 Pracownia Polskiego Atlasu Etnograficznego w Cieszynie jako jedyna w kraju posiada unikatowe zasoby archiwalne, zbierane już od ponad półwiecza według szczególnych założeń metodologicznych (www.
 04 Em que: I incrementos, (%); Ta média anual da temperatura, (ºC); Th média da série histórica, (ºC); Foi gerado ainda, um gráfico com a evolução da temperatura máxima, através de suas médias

---

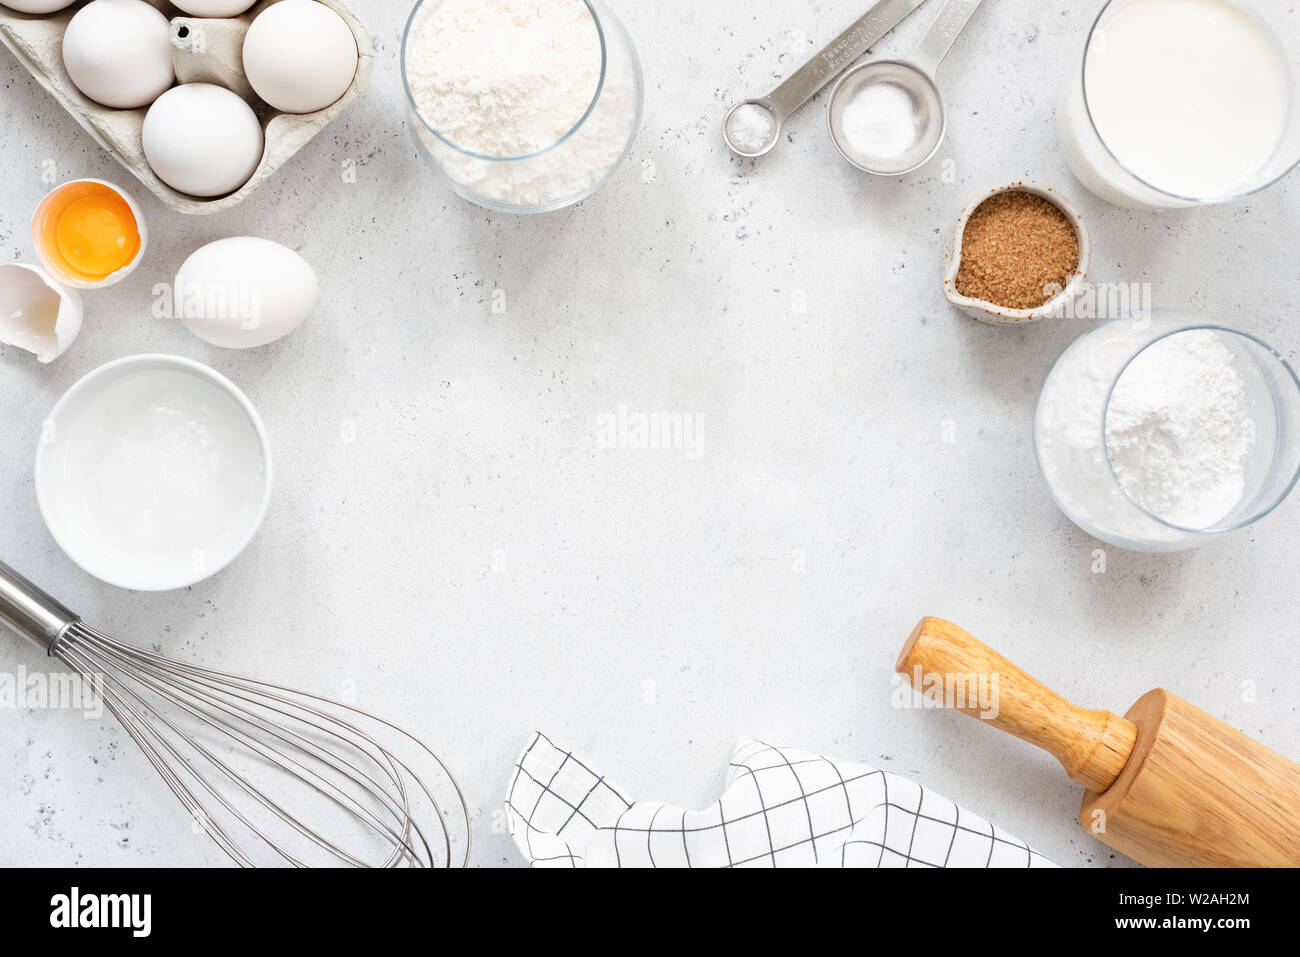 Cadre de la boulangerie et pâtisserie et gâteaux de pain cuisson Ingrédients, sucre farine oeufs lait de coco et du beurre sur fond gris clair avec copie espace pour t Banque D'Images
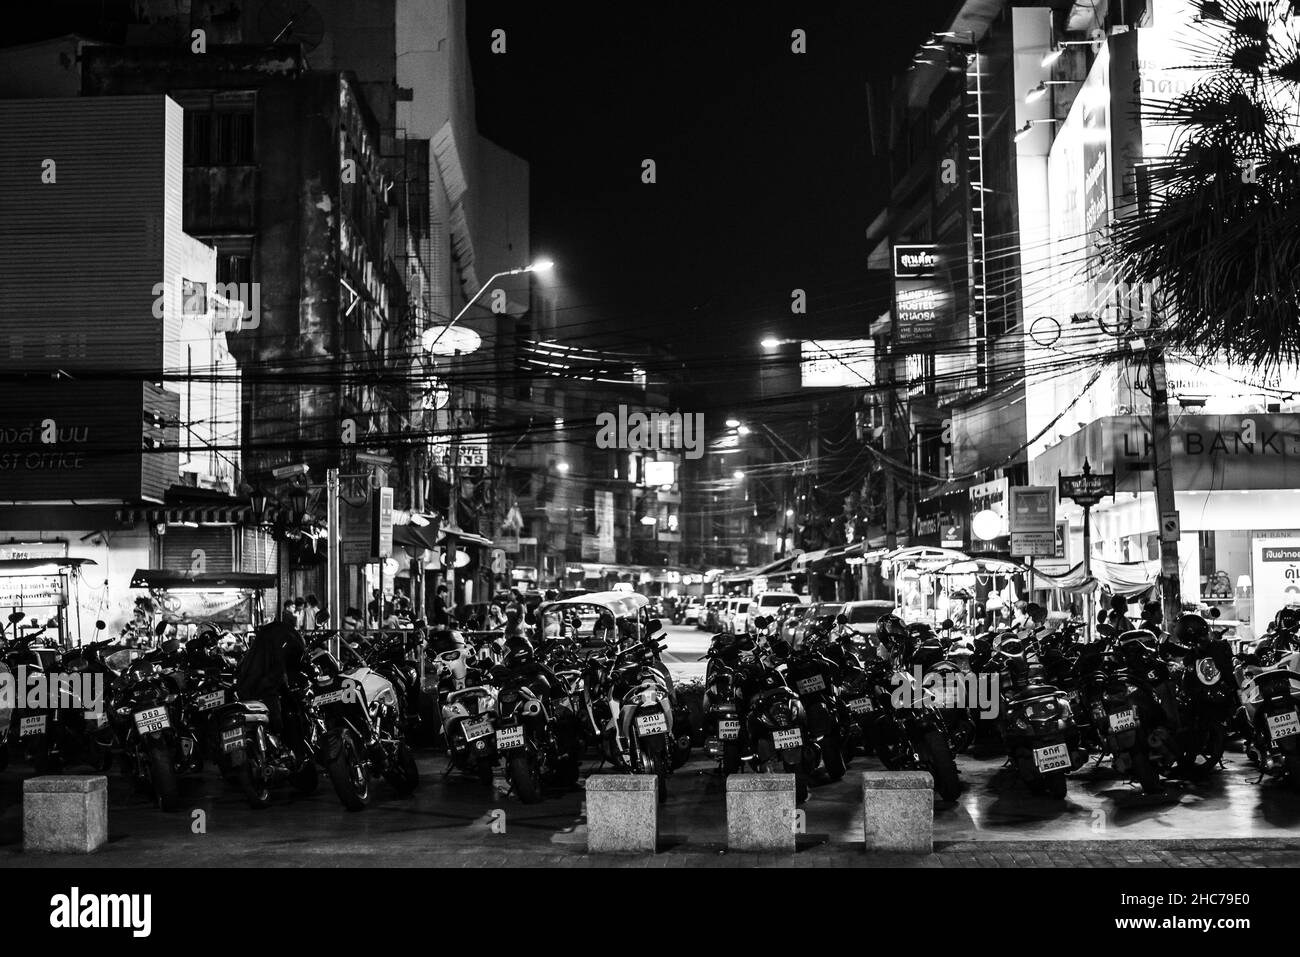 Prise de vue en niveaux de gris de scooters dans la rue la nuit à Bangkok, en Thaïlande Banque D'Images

YOUR INSTRUCTIONS: Give again, exactly as written above, every line from the one holding "Cadre de la" to the one holding "Prise de vue", with both ends kept and the pictures left out.

YOUR RESPONSE:
 Cadre de la boulangerie et pâtisserie et gâteaux de pain cuisson Ingrédients, sucre farine oeufs lait de coco et du beurre sur fond gris clair avec copie espace pour t Banque D'Images
 Prise de vue en niveaux de gris de scooters dans la rue la nuit à Bangkok, en Thaïlande Banque D'Images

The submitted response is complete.